Host: scsi0 Channel: 00 Id: 00 Lun: 00
Vendor: MICROP Model: 3243-19 1128RLAV Rev: RLAV
Type: Direct-Access ANSI SCSI revision: 02
Host: scsi0 Channel: 00 Id: 02 Lun: 00
Vendor: TOSHIBA Model: CD-ROM XM-5401TA Rev: 3605
Type: CD-ROM ANSI SCSI revision: 02
Host: scsi0 Channel: 00 Id: 03 Lun: 00
Vendor: HP Model: C1533A Rev: 9503
Type: Sequential-Access ANSI SCSI revision: 02
Host: scsi0 Channel: 00 Id: 04 Lun: 00
Vendor: iomega Model: jaz 1GB Rev: H.71
Type: Direct-Access ANSI SCSI revision: 02

The Jaz drive is external, and is connected by a slightly weird cable
(had to go from a wide SCSI connector to a regular SCSI-2 connector),
but I don't think it is a cabling problem, primarily because my
initial failed restore occured after the Jaz drive was detached. Of
course, I could be wrong.

Whatever the problem is, it is very intermittent. Maybe this is a
hardware/cabling problem; but then again, has anyone else seen
behavior like this?

>From the error messages you enclosed, it appears that you had a SCSI bus hang
while 18 commands were outstanding to the Micropolis drive. The SCSI subsystem
and driver attempted to abort the commands, but the aborts also timed out, and
so sending a Bus Device Reset message was tried next. That too failed, so a
Hard Reset was issued to the host adapter, which forces a full SCSI Bus Reset.
The host adapter was successfully reinitialized, and I assume the system
resumed normal operation, and retried the timed out commands.
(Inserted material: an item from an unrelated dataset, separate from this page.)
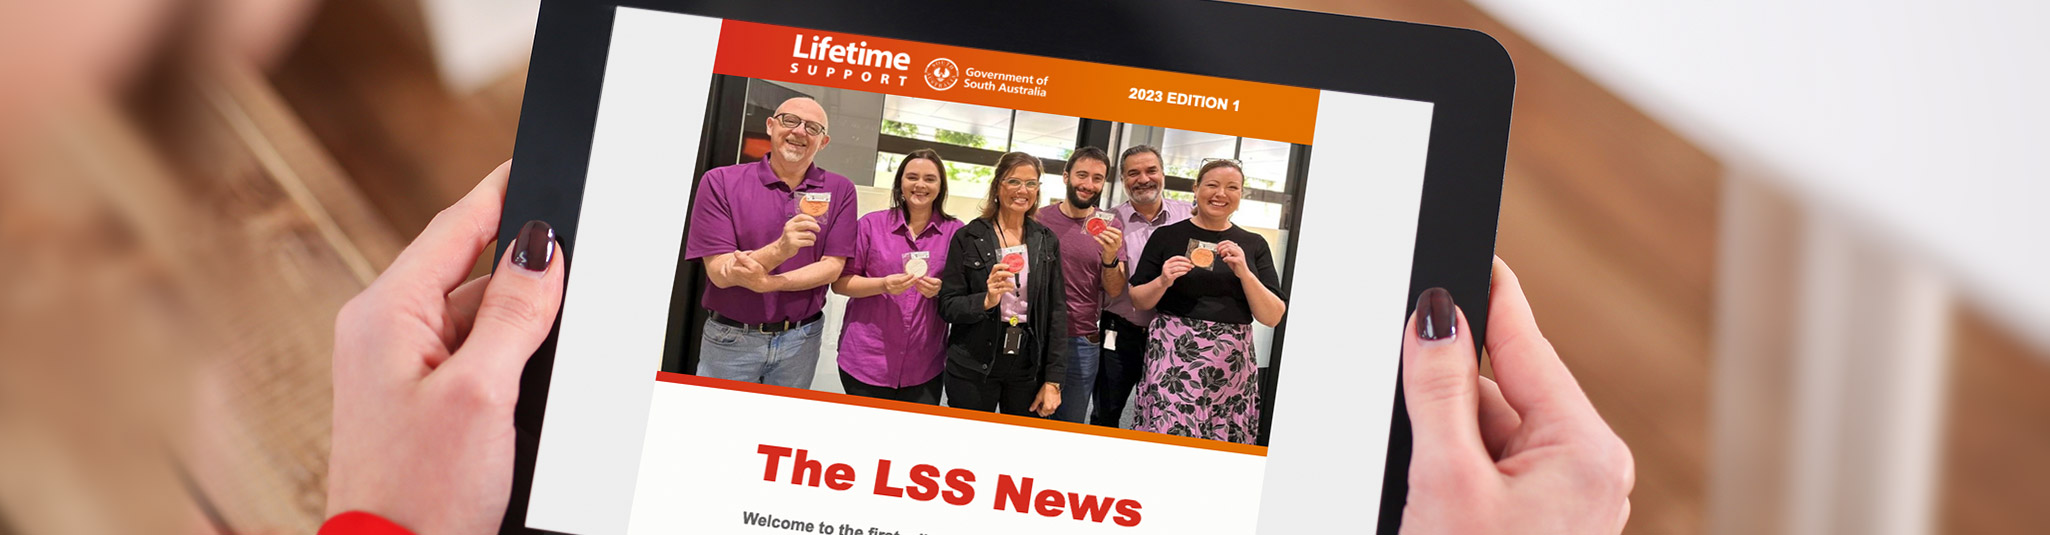 The LSS News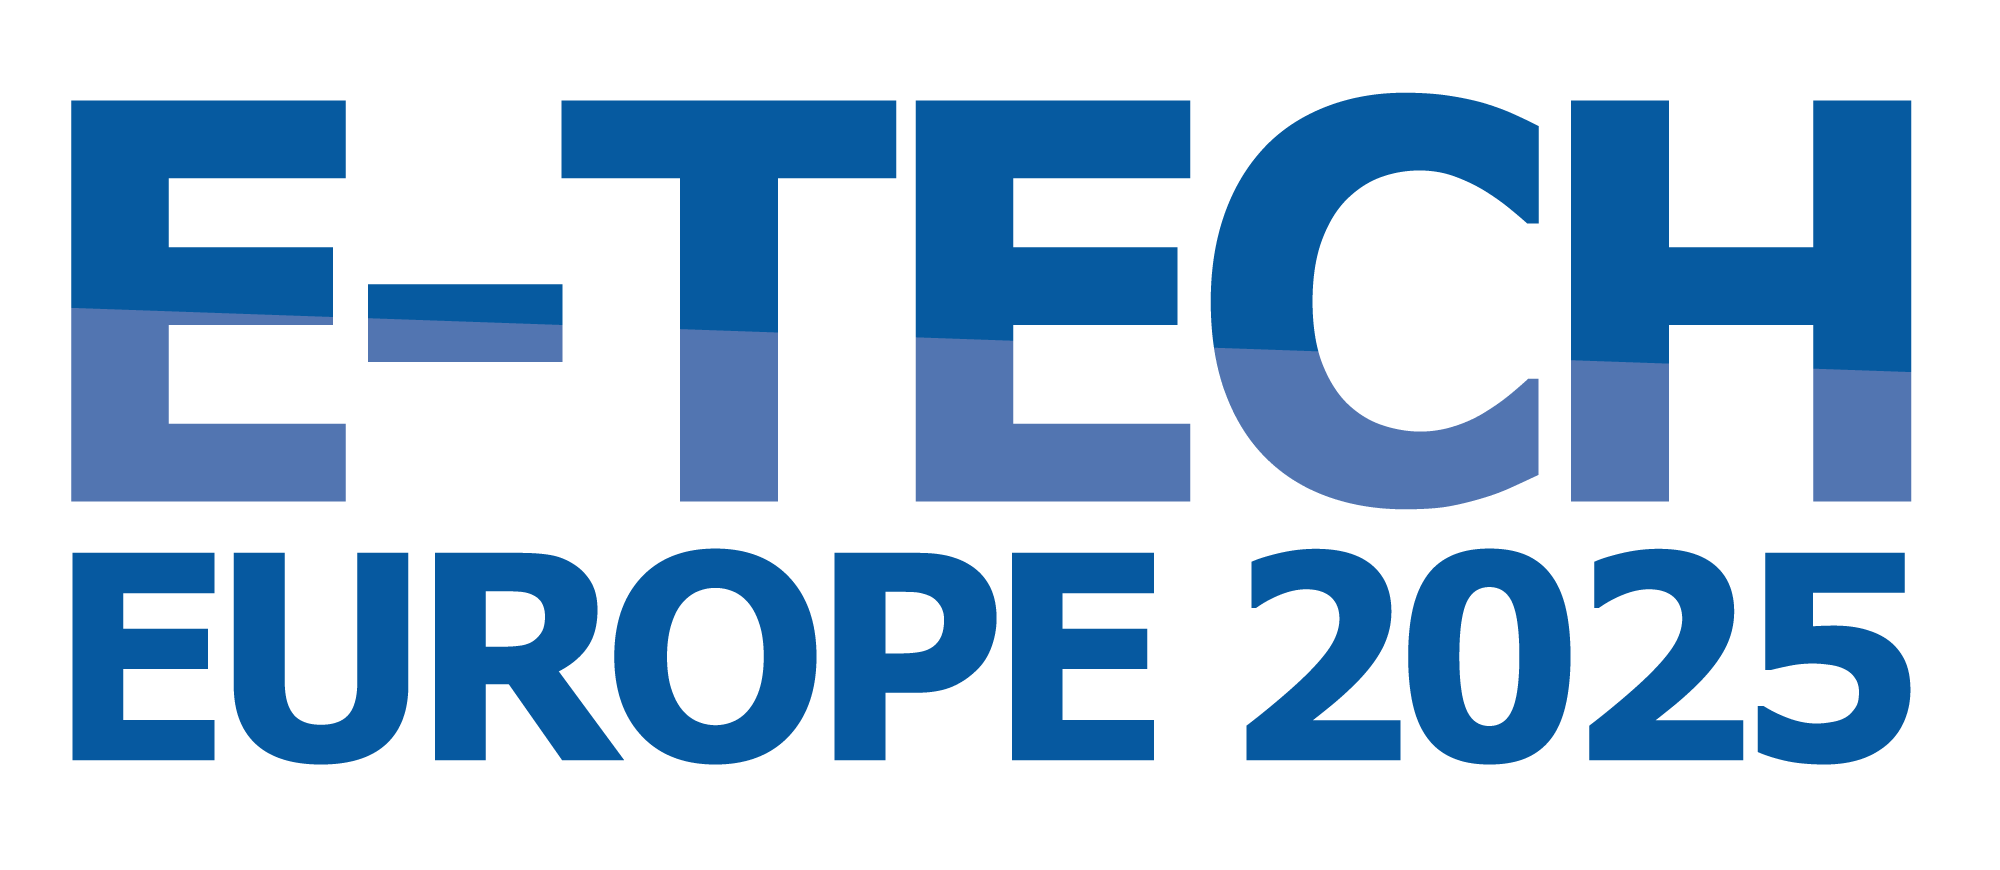 2025_E-Tech_logo

SCSI bus hangs of this sort are usually due to (1) cabling and/or termination
problems, (2) bugs in the disk drive firmware, or (3) bugs in the host adapter
firmware. Also, older Micropolis 3243 units had some general reliability
problems. If the previous errors you had actually required reformatting the
drive, that's not likely to be a host adapter or operating system issue. I'd
be very concerned that the drive may not be reliable and further problems are
likely.

I don't know what version of firmware is in your BT-958, but a new version was
officially released recently. I've updated my Linux web page with copies of
the latest BT-948/958/958D firmware and BIOS and the Flash utility. I suggest
you update your BT-958 to the new firmware.

Finally, if the drive's firmware doesn't implement tagged queuing correctly,
all sorts of problems are possible under heavy I/O loads. You can disable
tagged queuing entirely by booting with the command line "BusLogic=TQ:Disable",
or allow a lower queue depth (number of outstanding commands) by booting with
"BusLogic=0,N" where N is the desired queue depth. I suggest trying 7 or 15.

Leonard